FootBall: Sample Sports News
Barcelona‘s hopes of signing a successor to their departing goalkeeper Víctor Valdés and the teenager dubbed “the new Lionel Messi” – Dinamo Zagreb’s Alen Halilovic – have been hit after they had a year-long transfer ban imposed for breaching Fifa‘s rules on the transfer of players aged under 18.
The ban raises serious questions about the club’s immediate future, with Fifa applying the sanction against Barça for signing 10 minor players and committing “several other concurrent infringements”. They have been fined £305,000 and if the punishment stands they will not be able to sign players until the summer of 2015.
Barça will appeal against Fifa’s decision via the court of arbitration for sport, but the news comes as a blow for the Catalan club and is the latest in a string of recent embarrassments for the board. It casts doubt over moves already agreed for the £10m Borussia Mönchengladbach goalkeeper Marc-André ter Stegen and the 17-year-old Croat Halilovic, who turns 18 in June. Stegen was seen as the successor to Valdés, who is out for seven months with a knee injury and has said he is leaving the club in the summer.
Ter Stergen told the Kolner Express newspaper in Germany that he was still planning to leave Gladbach in the summer, but that he was uncertain of Barcelona’s situation.
“I have not heard anything about it and do not know what you want from me now,” he said. “I only know that at the end of this season I will leave Borussia Mönchengladbach.”
The Spanish champions have a number of promising South Korean youngsters on the books, including the highly rated Lee Seung-woo, plus many other under-18s from Cameroon. The players in question were registered and participated in competitions with the club between 2009 and 2013, while the Spanish Football Federation, RFEF, has also been sanctioned by Fifa for the same breaches.
Fifa said in a statement: “FC Barcelona has been found to be in breach of article 19 of the regulations in the case of 10 minor players and to have committed several other concurrent infringements in the context of other players.
“The disciplinary committee regarded the infringements as serious and decided to sanction the club with a transfer ban at both national and international level for two complete and consecutive transfer periods, together with a fine of 450,000 Swiss francs. Additionally, the club was granted a period of 90 days in which to regularise the situation of all minor players concerned.”
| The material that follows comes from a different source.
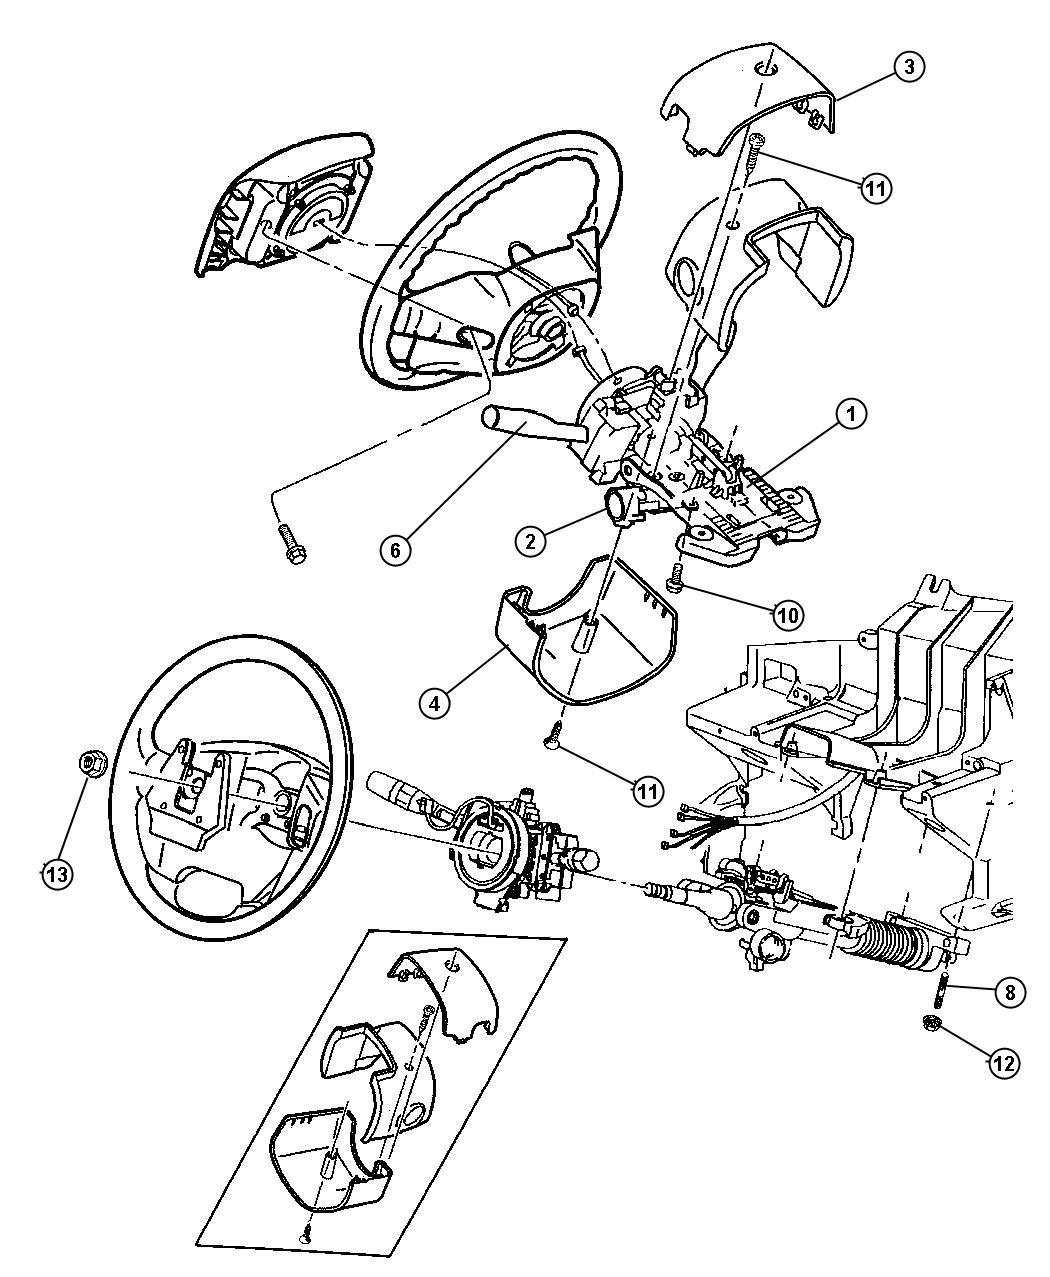 hight resolution of pontiac g8 transmission diagram pontiac free engine 2006 pontiac g8 2008 pontiac g6
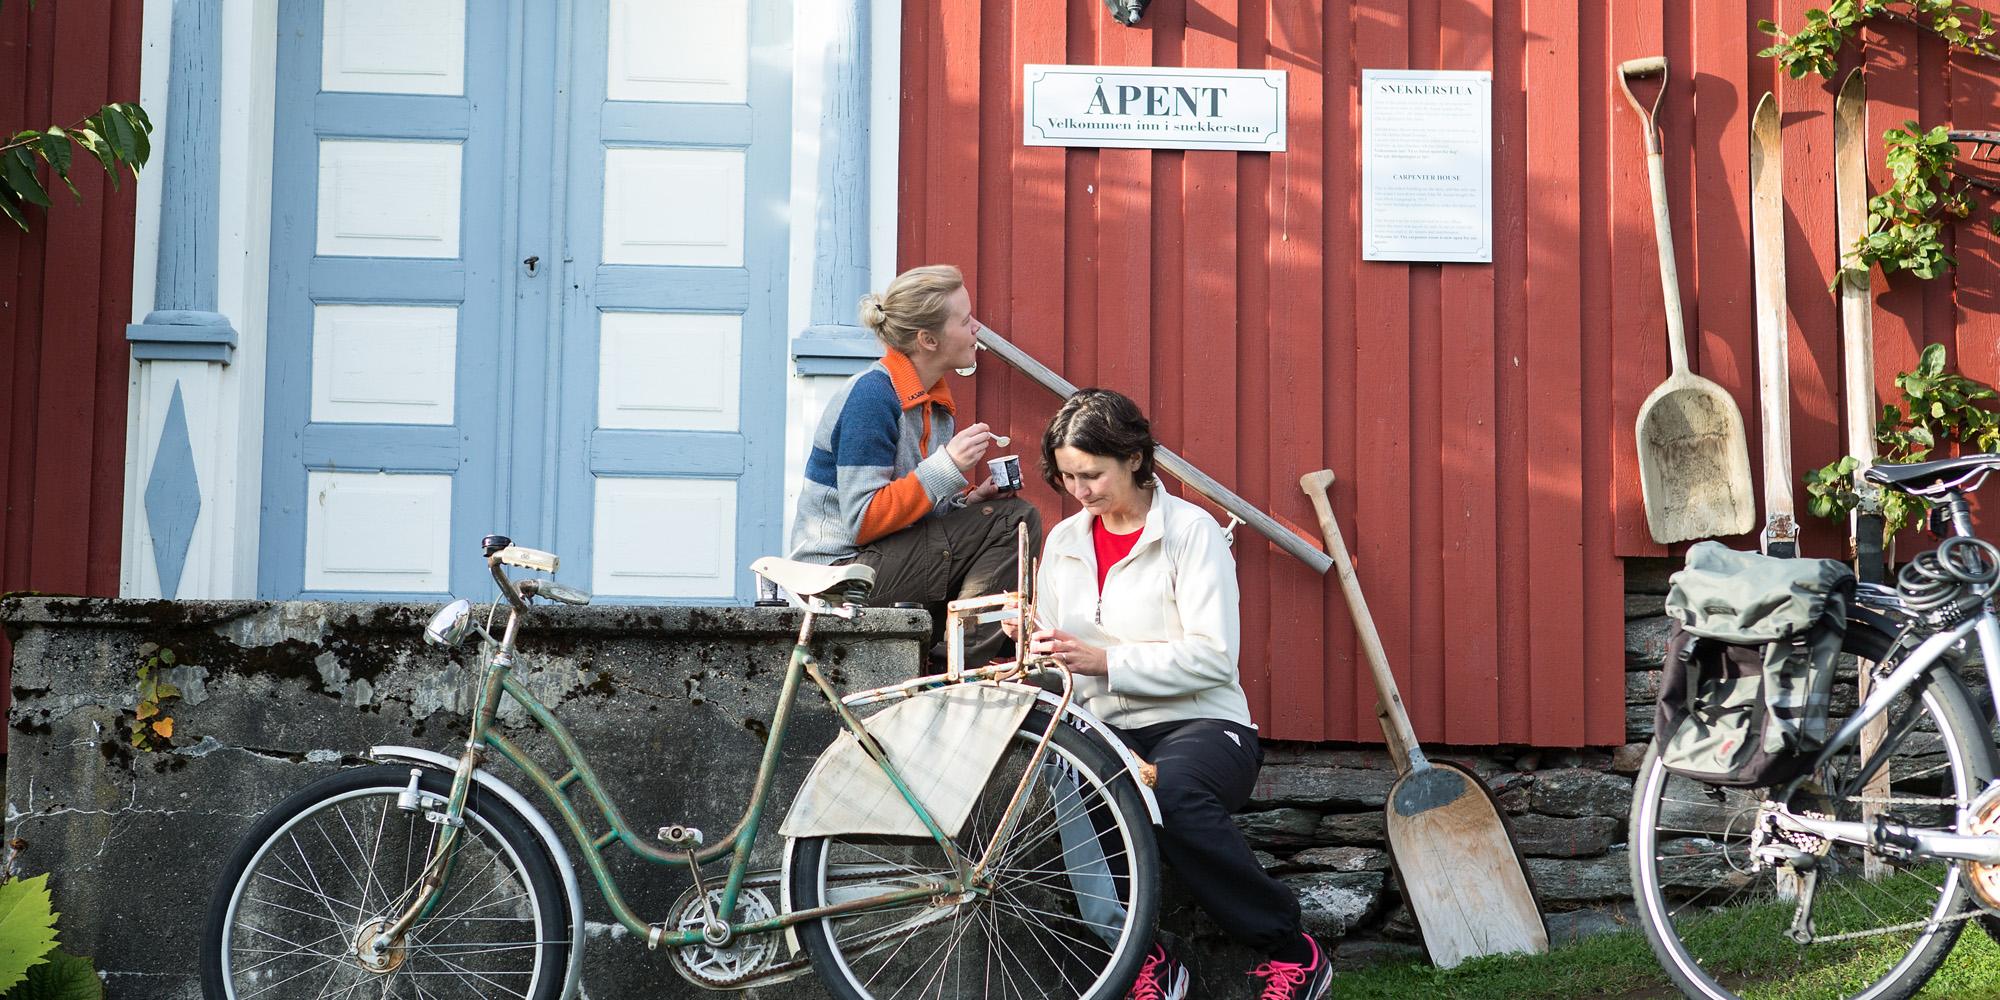 Inderøy Gangstad Foto WilLee-Wright Syklister tar en pause i gårdstunet 2x1. Copyright: WilLee-Wright

Fifa prohibits the international transfers of players under the age of 18, unless the two clubs involved are both within the European Union or the border being crossed is less than 50km from a player’s home, or the player’s parents move to the country in which the new club is located for reasons not linked to football.
The Fifa statement added: “The disciplinary committee emphasised that the protection of minors in the context of international transfers is an important social and legal issue that concerns all stakeholders in football.
“The committee highlighted that while international transfers might, in specific cases, be favourable to a young player’s sporting career, they are very likely to be contrary to the best interests of the player as a minor.
- The Borussia Mönchengladbach keeper Marc-André ter Stegen was Barça-bound. Photograph: Patrik Stollarz/AFP/Getty Images
“Young football players are vulnerable to exploitation and abuse in a foreign country without the proper controls. This particular fact makes the protection of minors in football by the sport’s governing bodies, especially by Fifa, even more important.” The Spanish FA has been given one year in to “regularise their regulatory framework and existing system concerning the international transfer of minors in football”.Barcelona announced their intention to appeal, arguing that their academy, La Masia, has been held up as a model of good practice and they had not breached any civil law. “FCB creates people before they create athletes, a fact that has not been considered by Fifa, which has applied a penalty ignoring the educational function of our training programme,” they said.